Introduction to Bivariate Data

Prerequisites
Variables, Distributions, Histograms, Measures of Central Tendency, Variability, Shape

Learning Objectives

  1. Define "bivariate data"
  2. Define "scatterplot"
  3. Distinguish between a linear and a nonlinear relationship
  4. Identify positive and negative associations from a scatterplot

Measures of central tendency, variability, and spread summarize a single variable by providing important information about its distribution. Often, more than one variable is collected on each individual.

Figure 1 shows a scatter plot of the paired ages of spouses. The x-axis represents the age of the husband and the y-axis the age of the wife.

Figure 1. Scatter plot showing wife age as a function of husband age.

There are two important characteristics of the data revealed by Figure 2. First, it is clear that there is a strong relationship between the husband's age and the wife's age: the older the husband, the older the wife. When one variable (Y) increases with the second variable (X), we say that X and Y have a positive association. Conversely, when y decreases as x increases, we say that they have a negative association.

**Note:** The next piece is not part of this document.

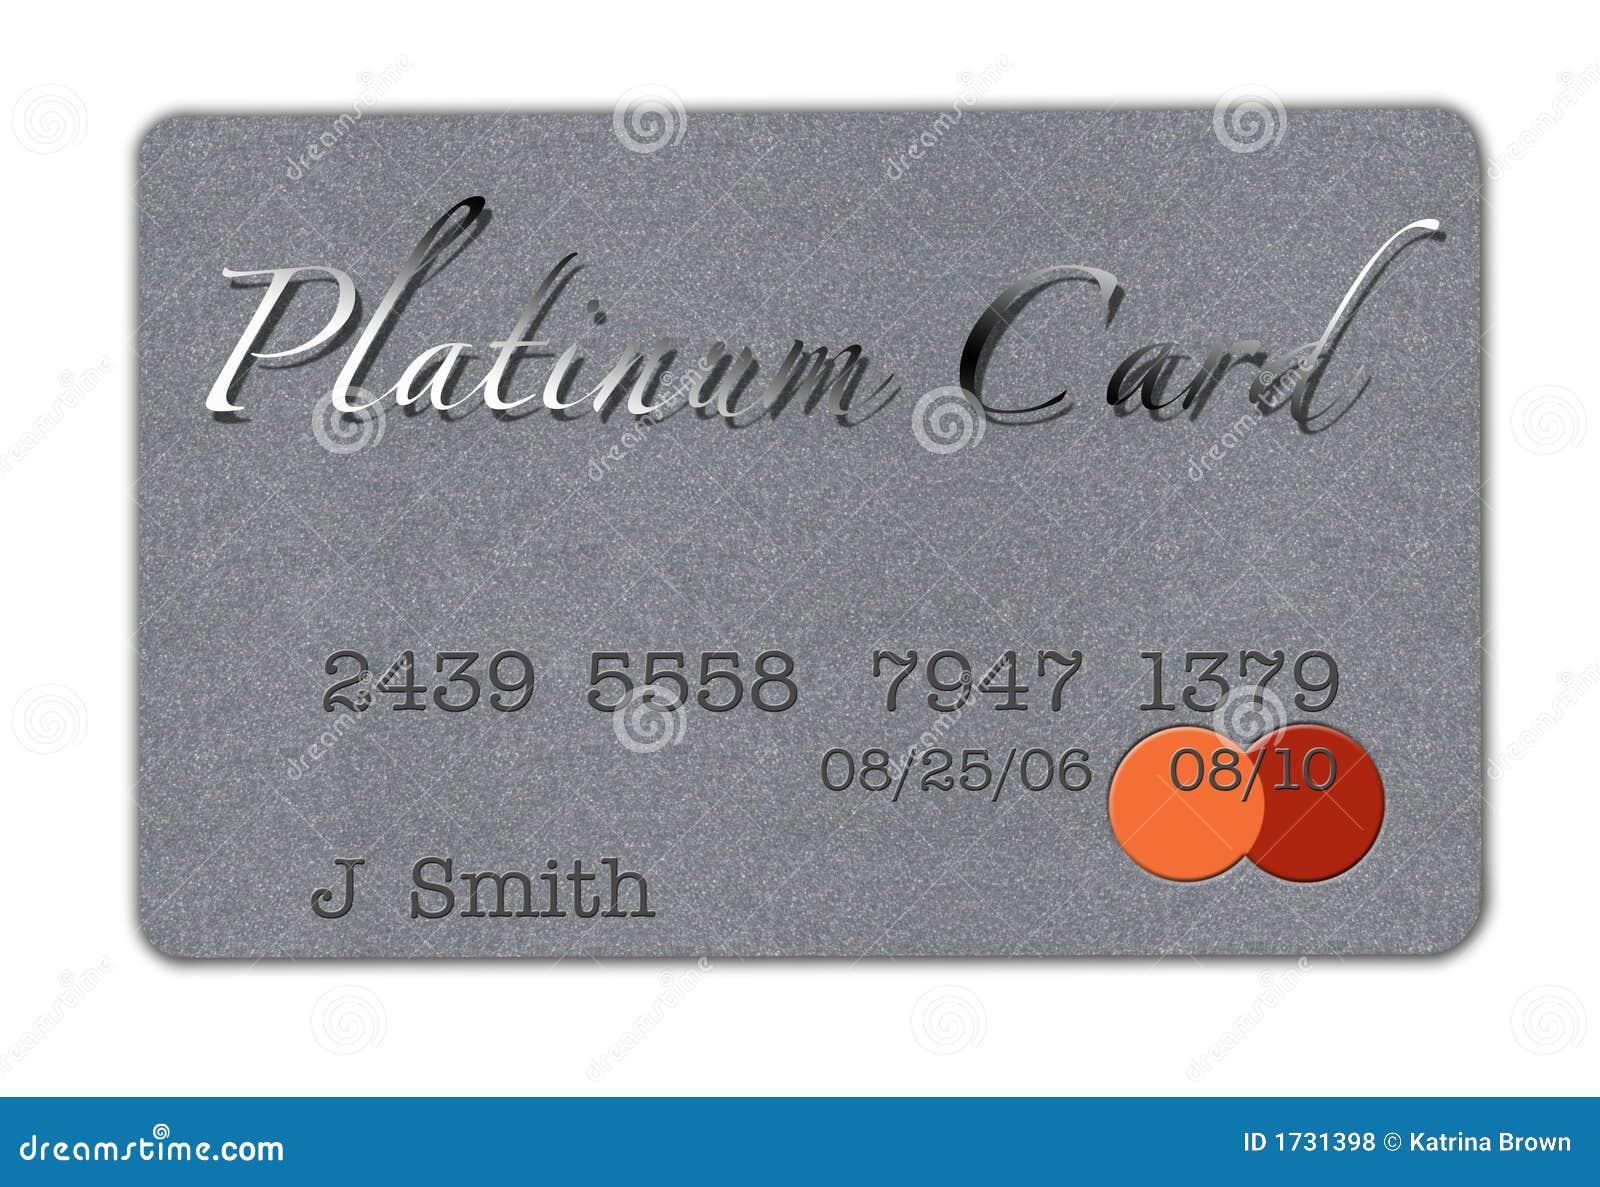 Platinum credit card stock illustration illustration of debit 1731398 platinum credit card publicscrutiny Gallery

Second, the points cluster along a straight line. When this occurs, the relationship is called a linear relationship. Not all scatter plots show linear relationships.

Scatter plots that show linear relationships between variables can differ in several ways including the slope of the line about which they cluster and how tightly the points cluster about the line. A statistical measure of the strength of the relationship between variables that takes these factors into account is the subject of the next section.